TASK TO COMPLETE
Would you return the data exactly as given, except for its pictures?

INFORMATION SHOWN
==========

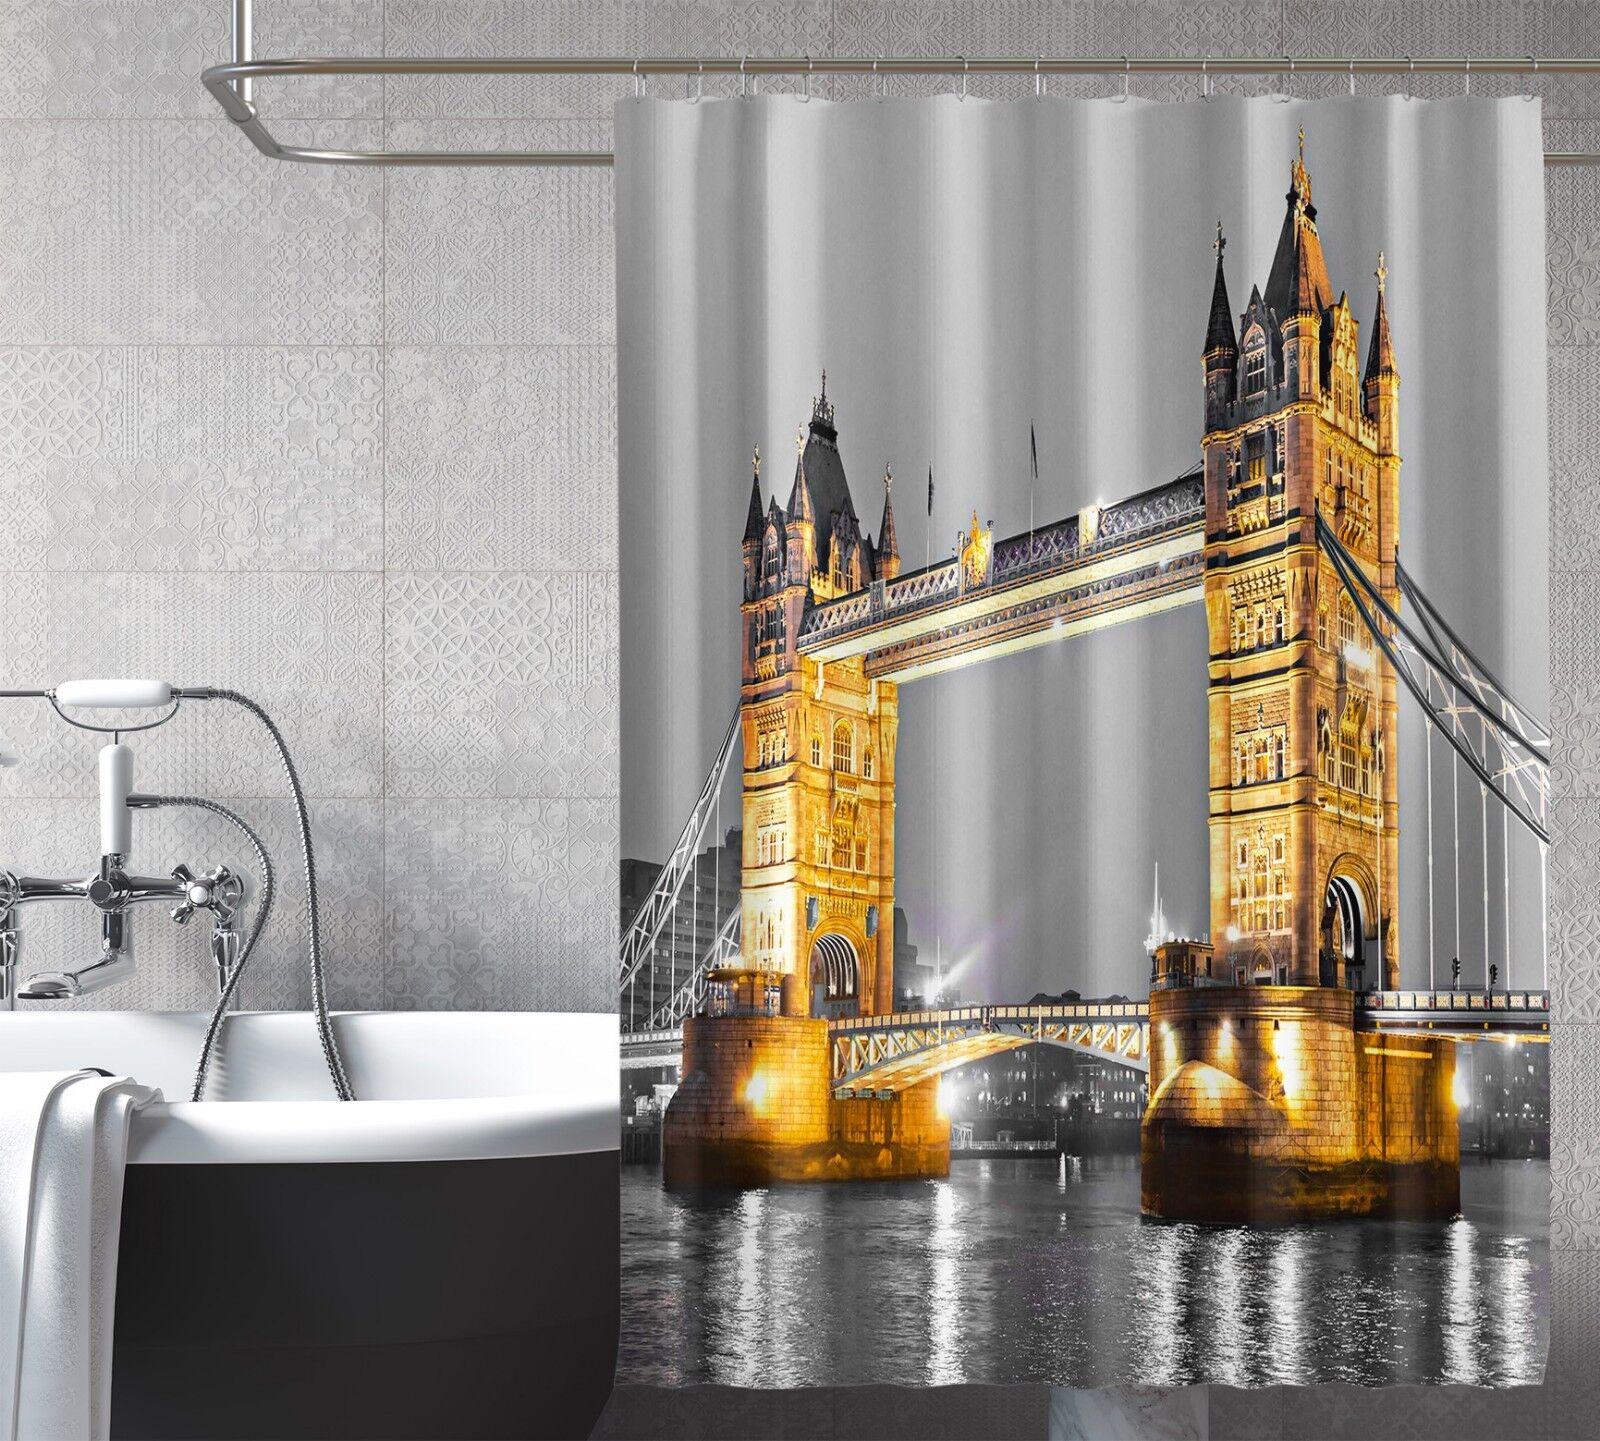 3D Tower Bridge 465 Shower Shower Shower Curtain Waterproof Fiber Bathroom Home Windows Toilet 48d73a
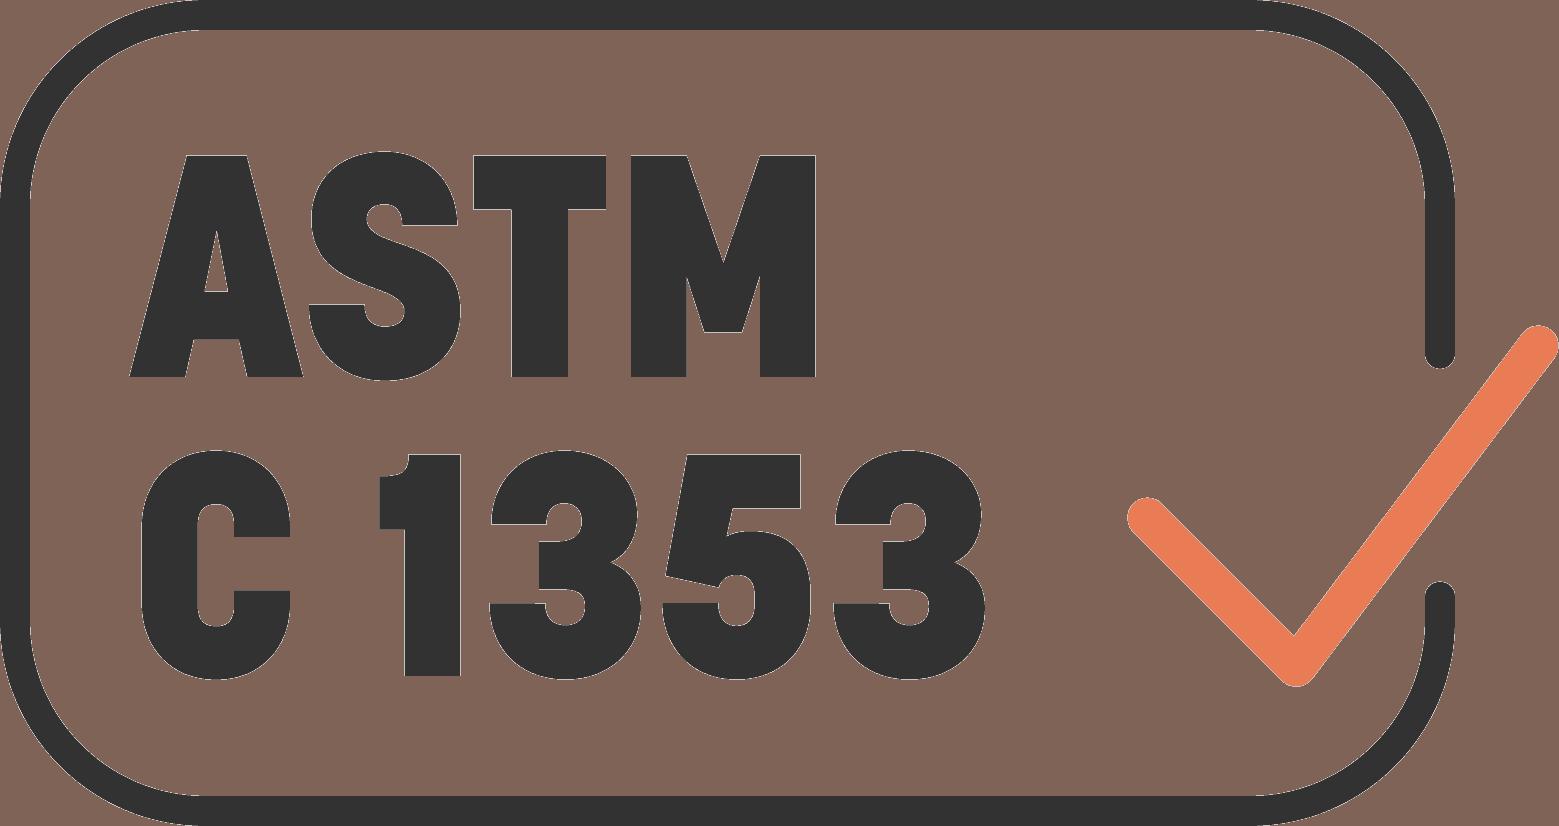 ASTM C 1353
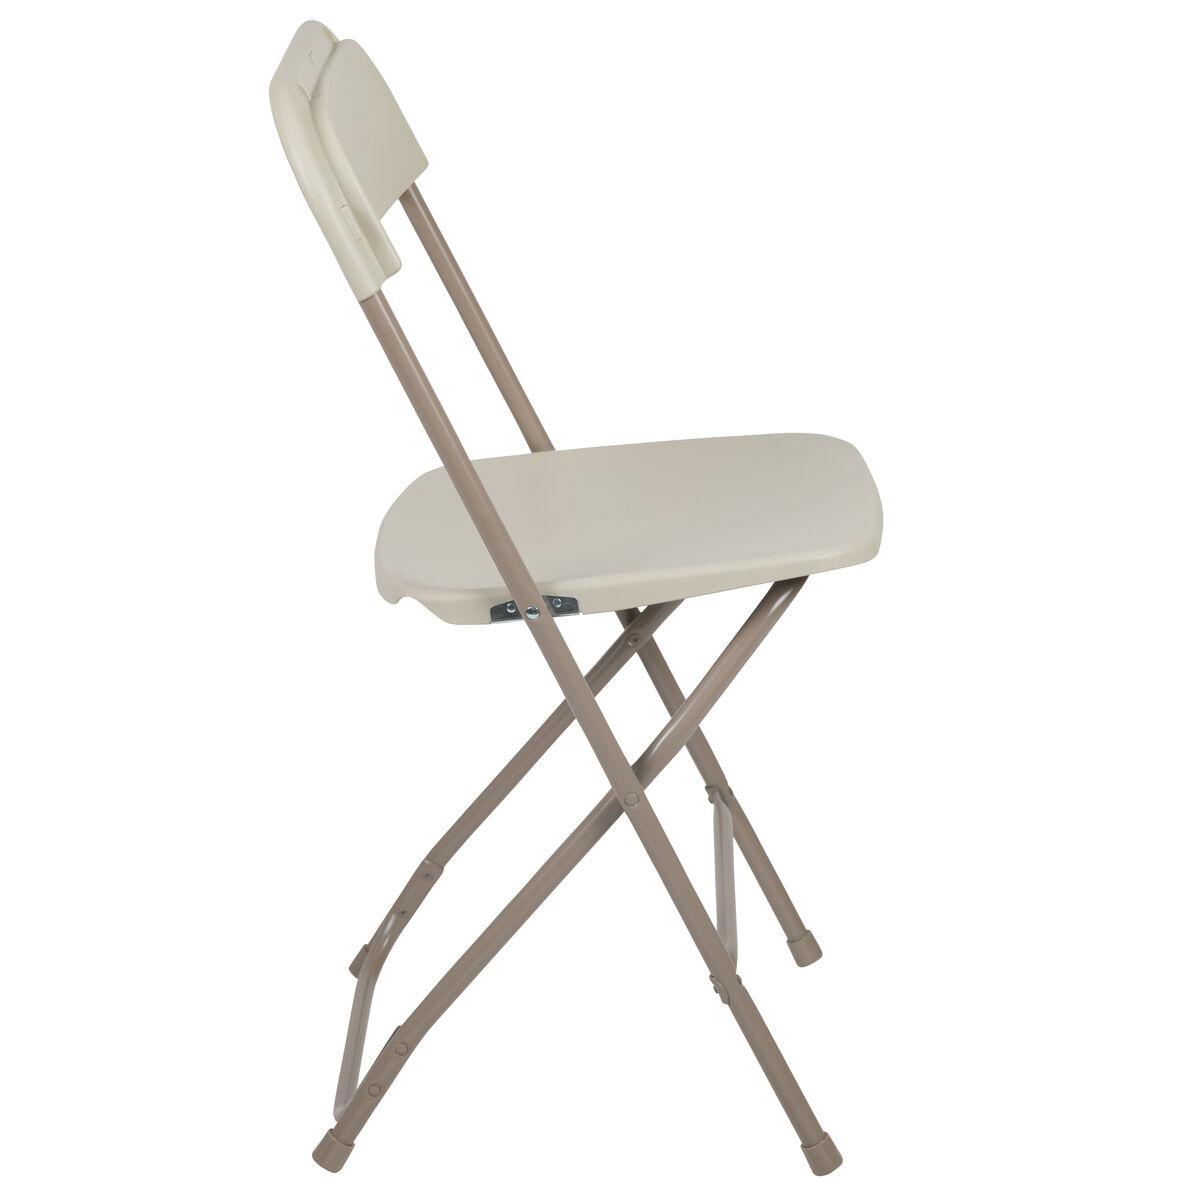 beige plastic folding chair le l 3 beige gg bestchiavarichairs com

==========

OUTPUT
 3D Tower Bridge 465 Shower Shower Shower Curtain Waterproof Fiber Bathroom Home Windows Toilet 48d73a
 ASTM C 1353
 beige plastic folding chair le l 3 beige gg bestchiavarichairs com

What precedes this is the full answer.